▶ Problem to solve
Copy the final lines exactly, starting at the one that contains "Fast Food Restaurant" and ending with the last line of the listing below. Pictures are not part of the copy.

Start of Data excerpt

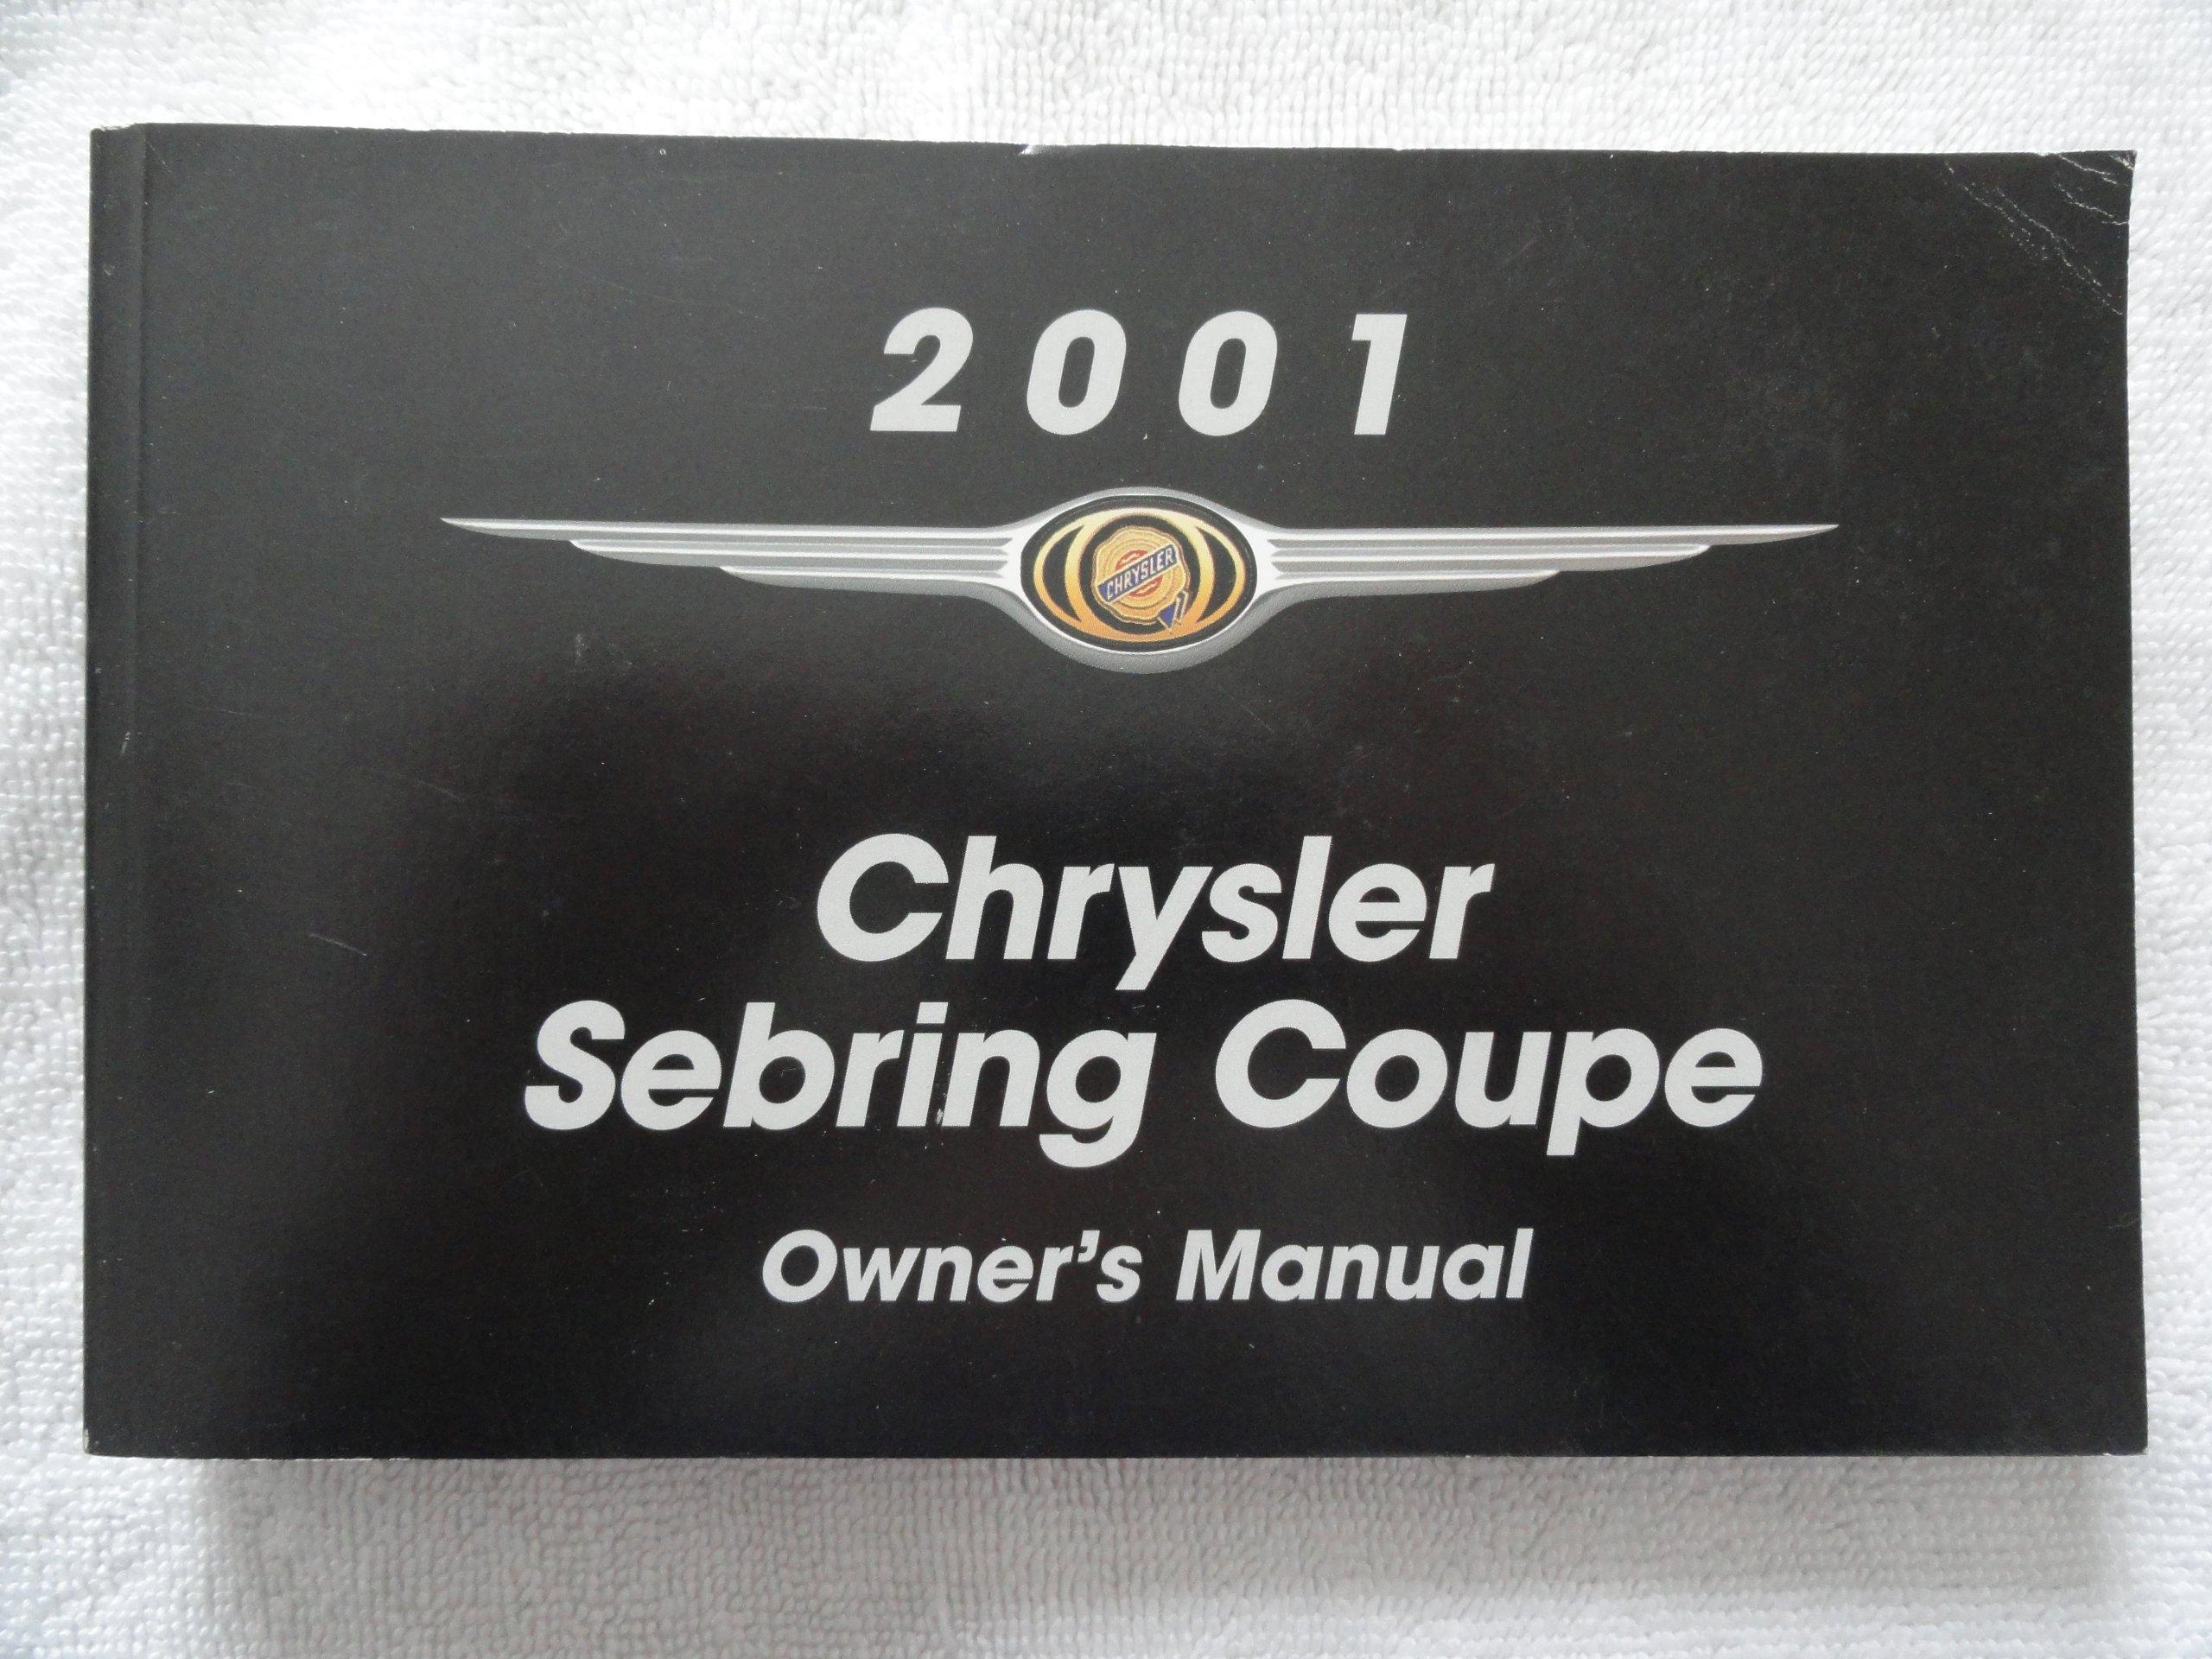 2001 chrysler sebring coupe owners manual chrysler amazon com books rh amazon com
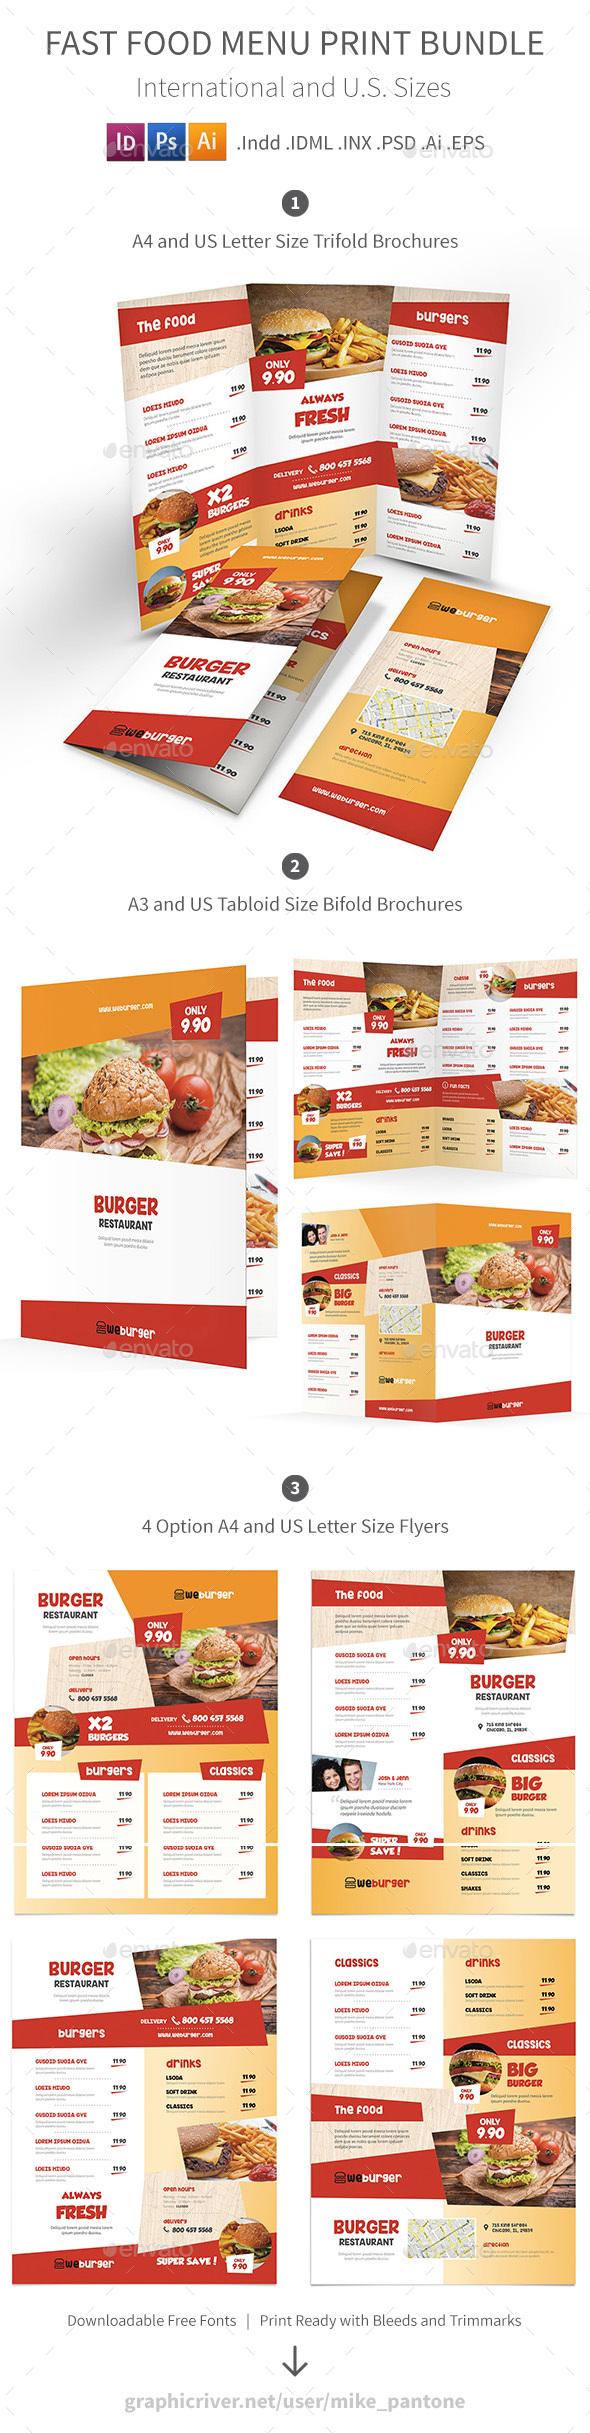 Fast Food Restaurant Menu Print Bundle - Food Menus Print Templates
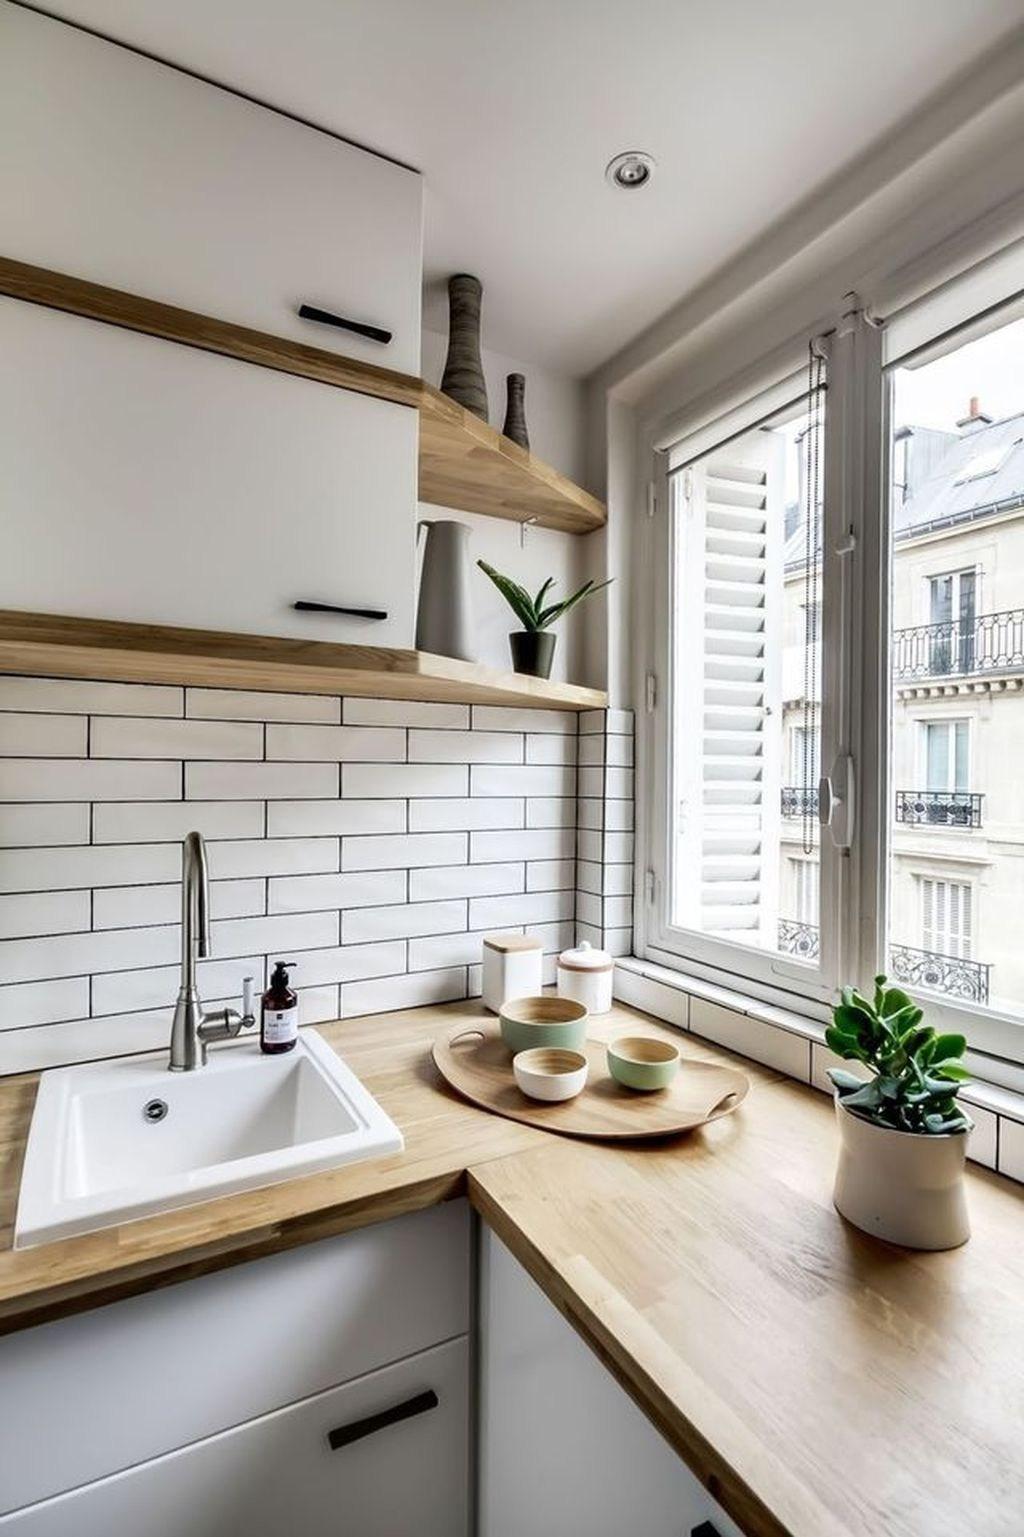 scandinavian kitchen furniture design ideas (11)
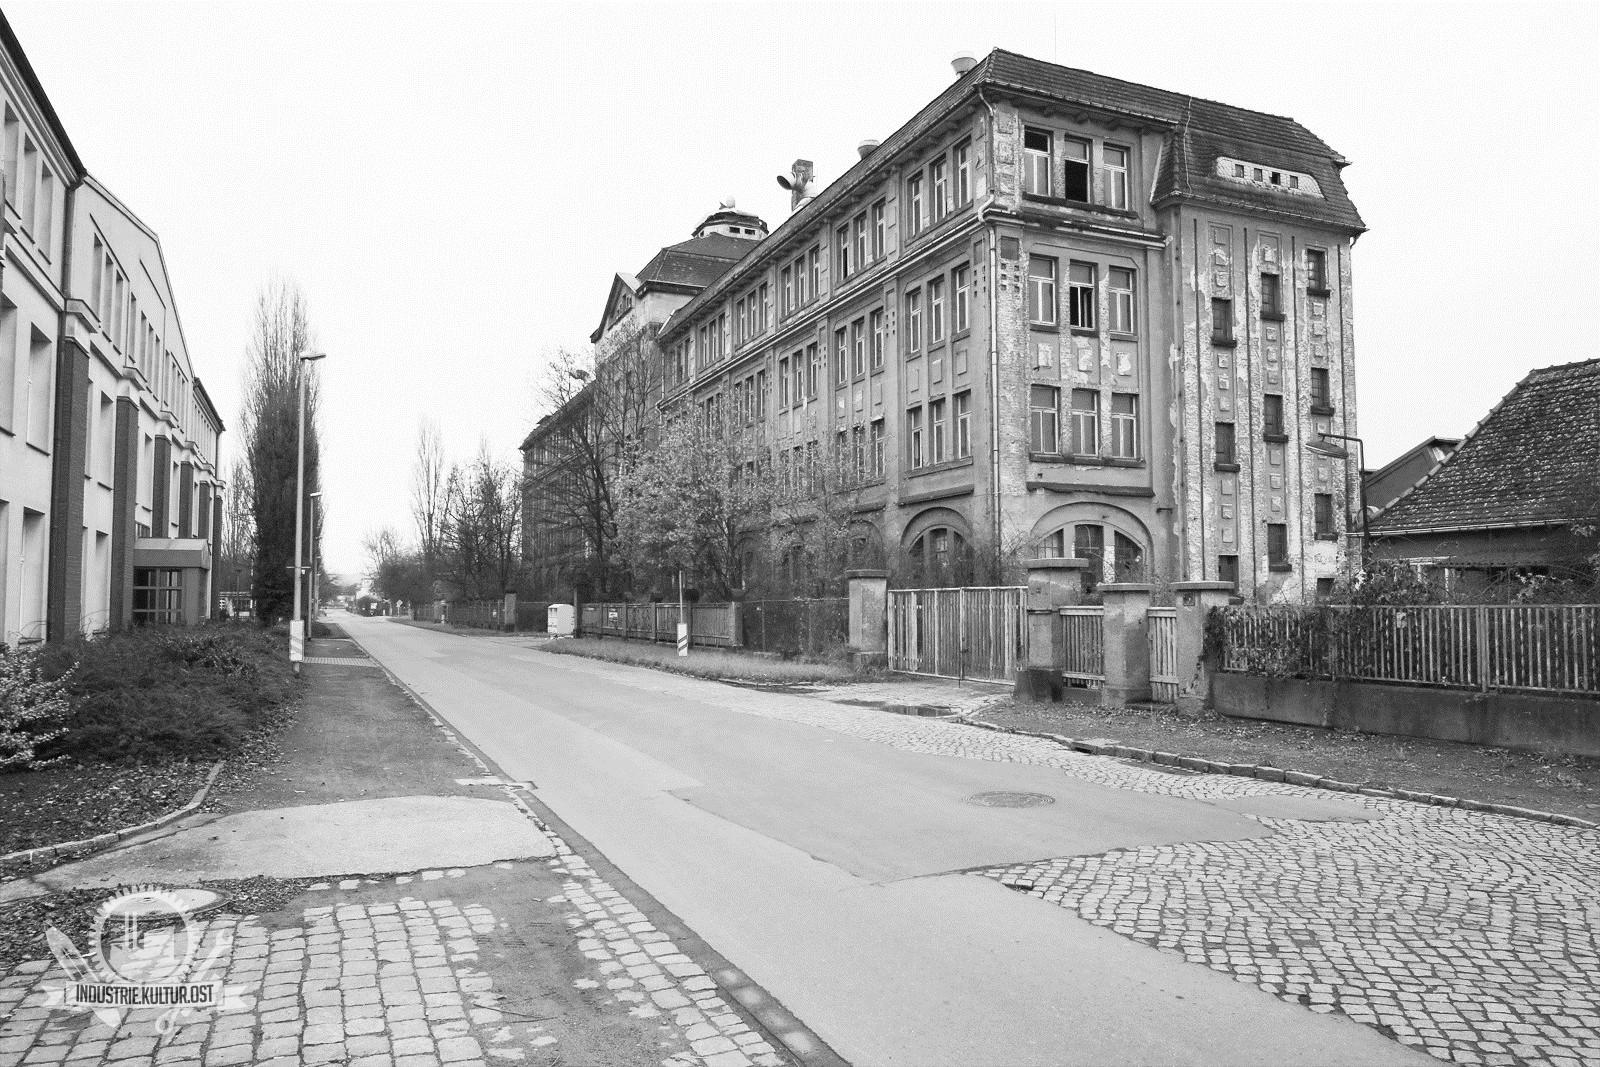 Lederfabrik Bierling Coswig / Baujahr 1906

End of Data excerpt

▶ Task response
 Fast Food Restaurant Menu Print Bundle - Food Menus Print Templates
 scandinavian kitchen furniture design ideas (11)
 Lederfabrik Bierling Coswig / Baujahr 1906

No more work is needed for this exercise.